• [Prompt] Print all entries below exactly, without images.

• [Records to process]
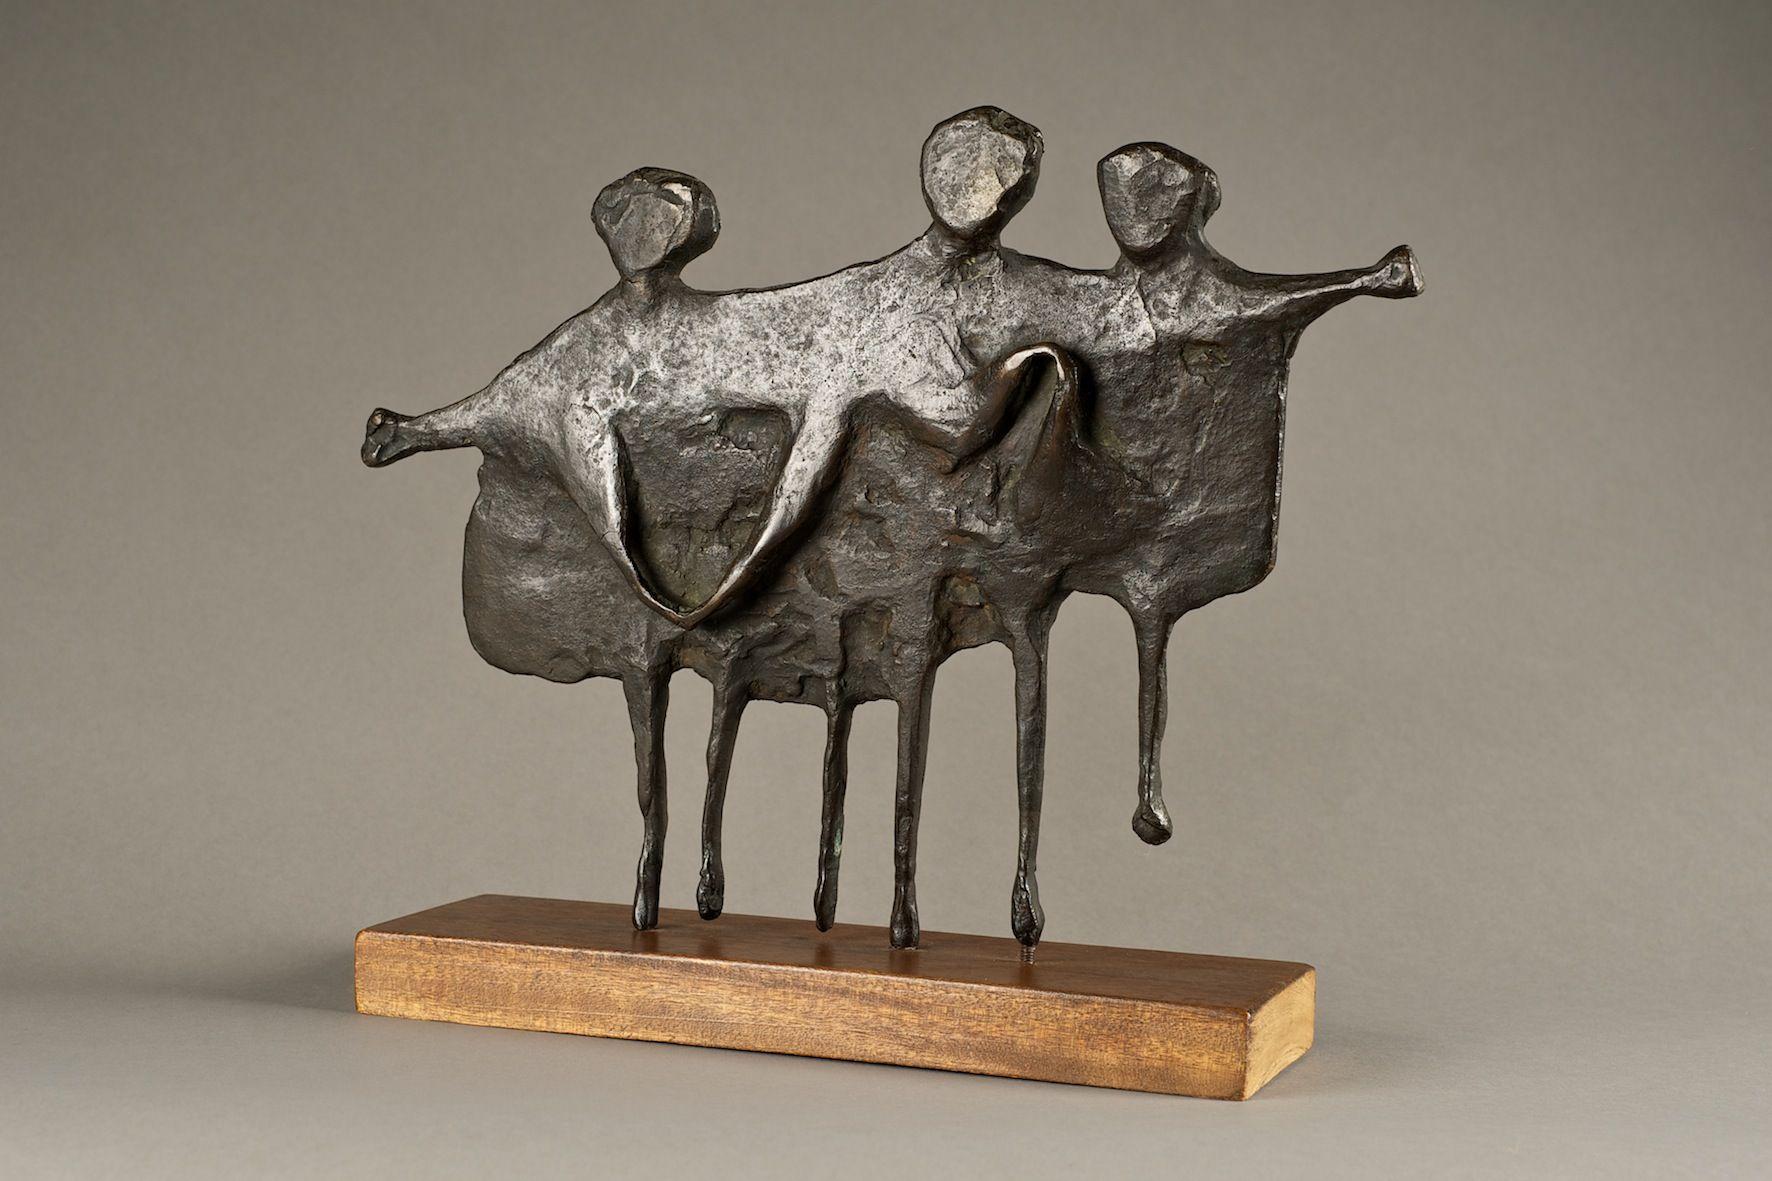 Kenneth Armitage - Children Playing - 1953
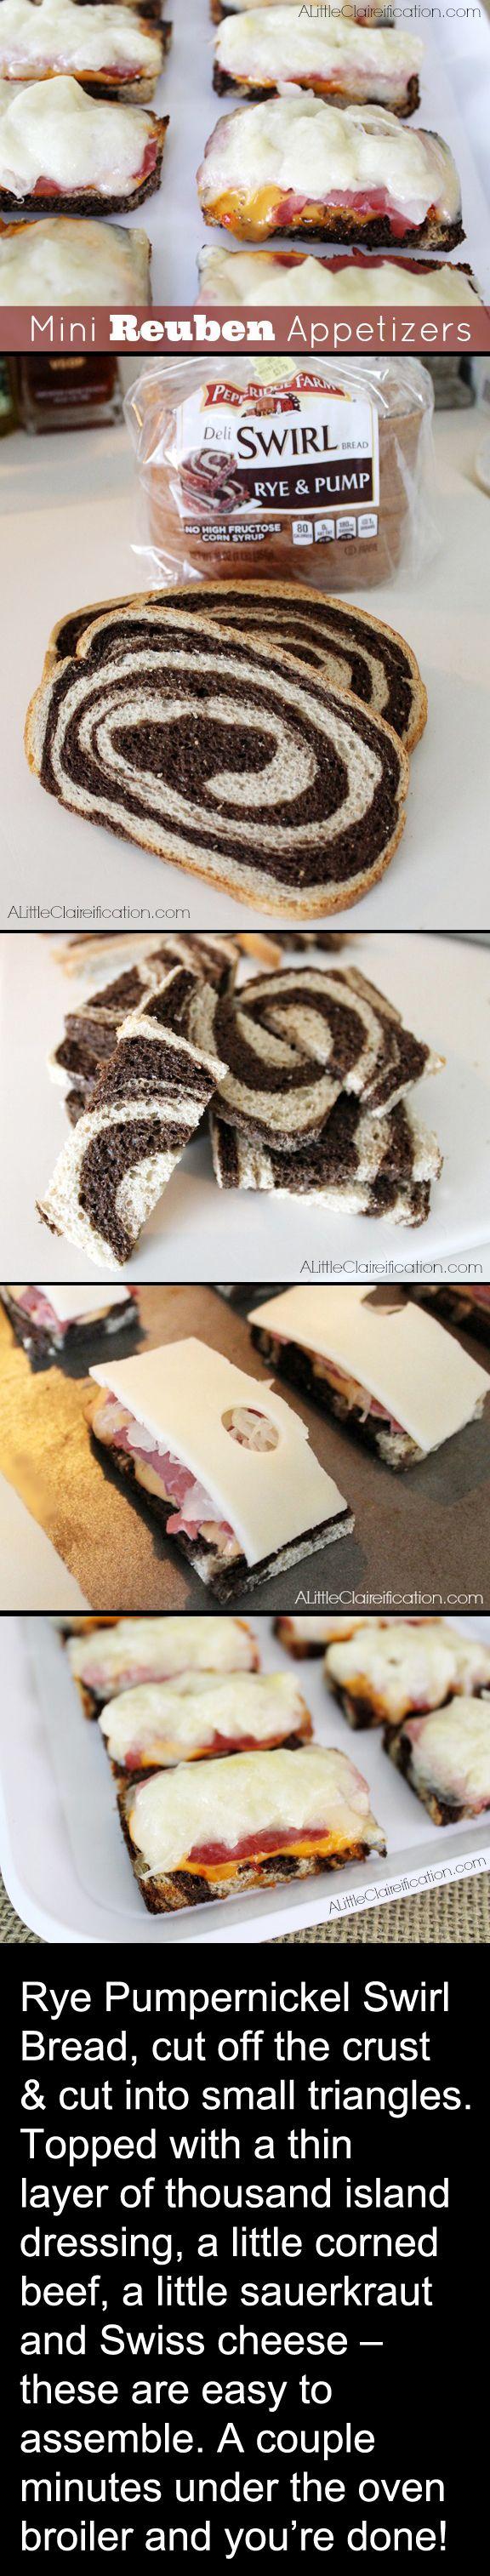 Bunco Party Food Menu Ideas Recipes
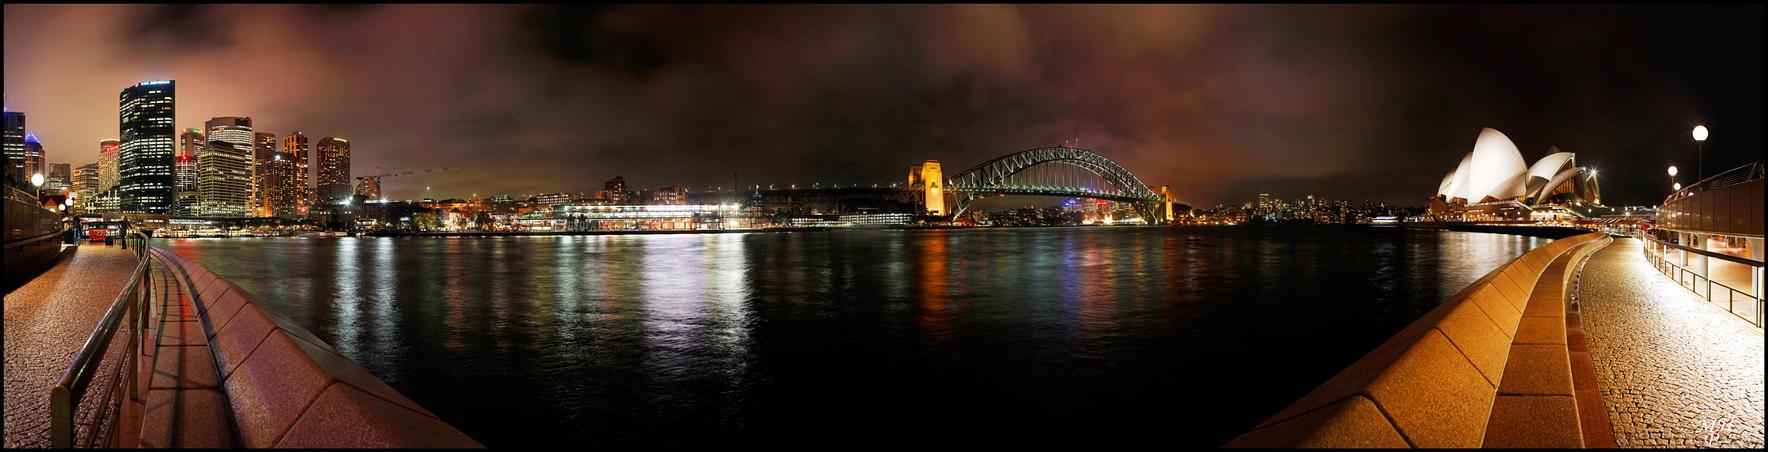 Sydney Harbour by MarkHumphreys
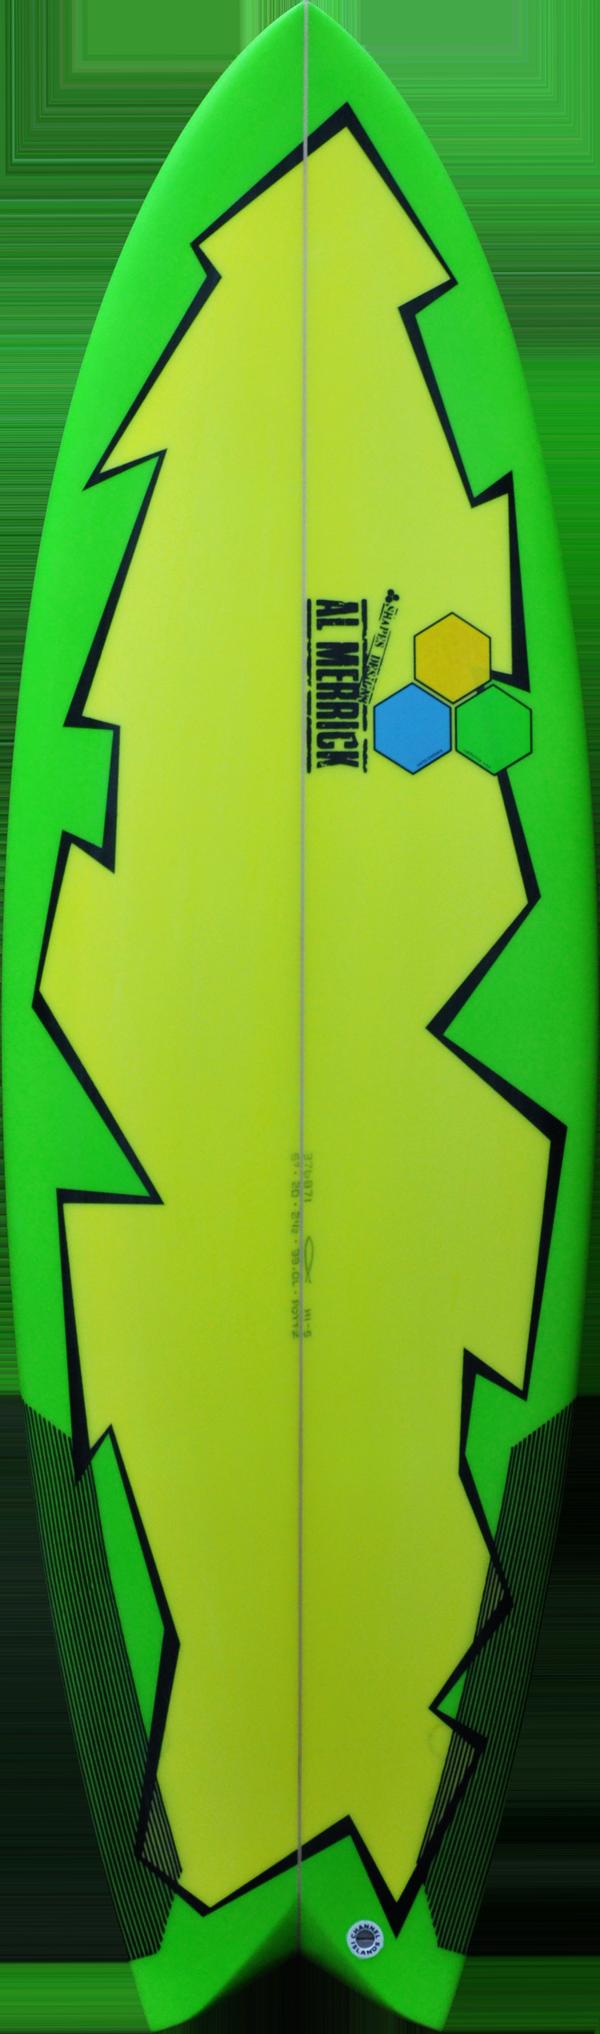 High channel islands surfboards. Green clipart surfboard
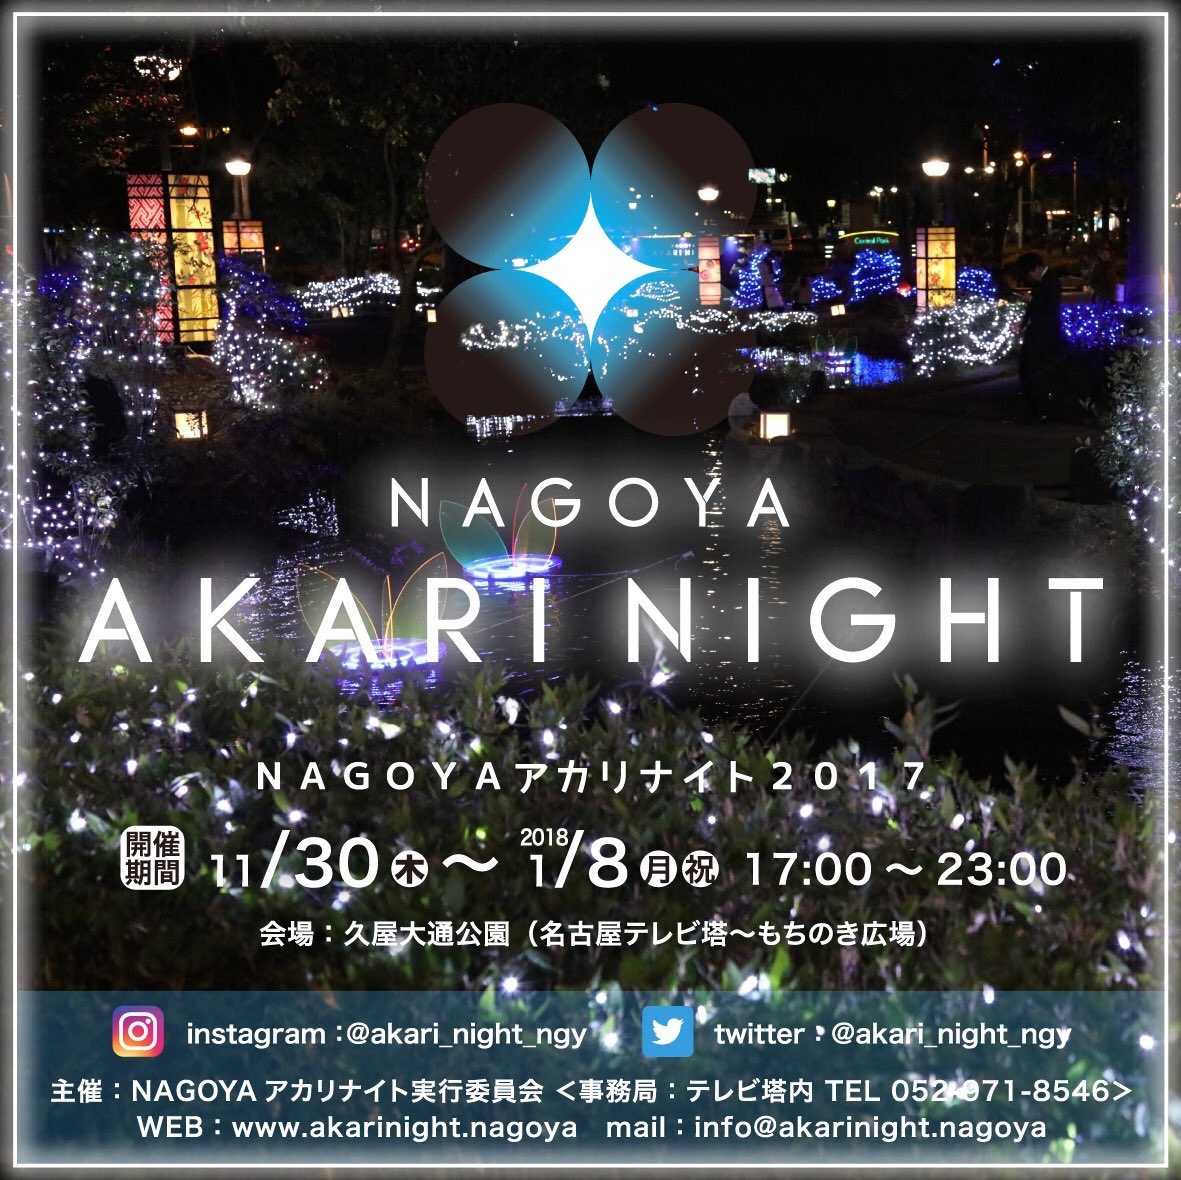 NAGOYAアカリナイト2017
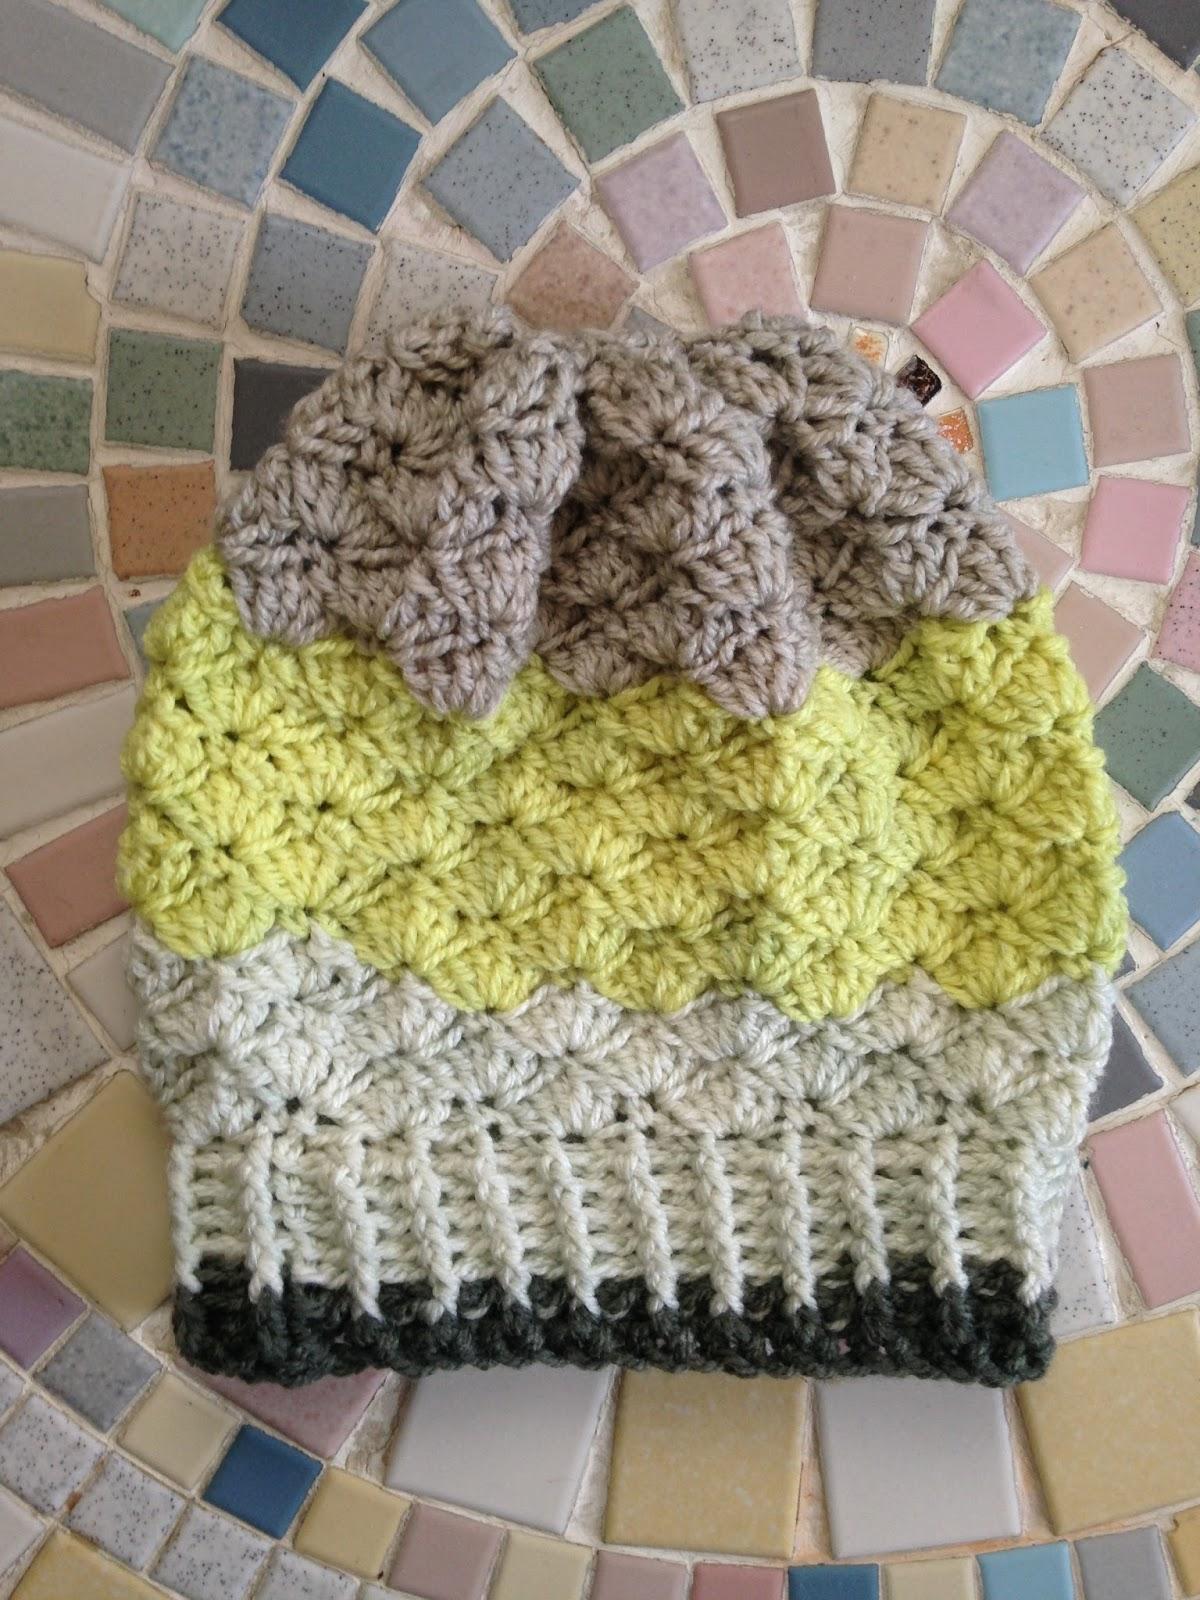 Anna's Crochet Spot: Simple Shells Slouchy Beanie

• [Your response]
 Kenneth Armitage - Children Playing - 1953
 Bunco Party Food Menu Ideas Recipes
 Sydney Harbour by MarkHumphreys
 High channel islands surfboards. Green clipart surfboard
 NAGOYAアカリナイト2017
 Anna's Crochet Spot: Simple Shells Slouchy Beanie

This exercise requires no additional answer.